--- What you are asked to do ---
Go through the data and count the lines holding the string "Gray". Write only the number.

--- Extracted records ---
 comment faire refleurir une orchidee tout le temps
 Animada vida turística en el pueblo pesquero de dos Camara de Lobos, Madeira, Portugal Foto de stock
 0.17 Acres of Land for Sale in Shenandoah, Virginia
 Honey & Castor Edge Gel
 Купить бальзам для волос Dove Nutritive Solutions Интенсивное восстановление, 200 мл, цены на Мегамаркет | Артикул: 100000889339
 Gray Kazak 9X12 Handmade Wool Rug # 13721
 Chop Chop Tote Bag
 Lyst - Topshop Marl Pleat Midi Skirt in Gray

--- Expected answer ---
2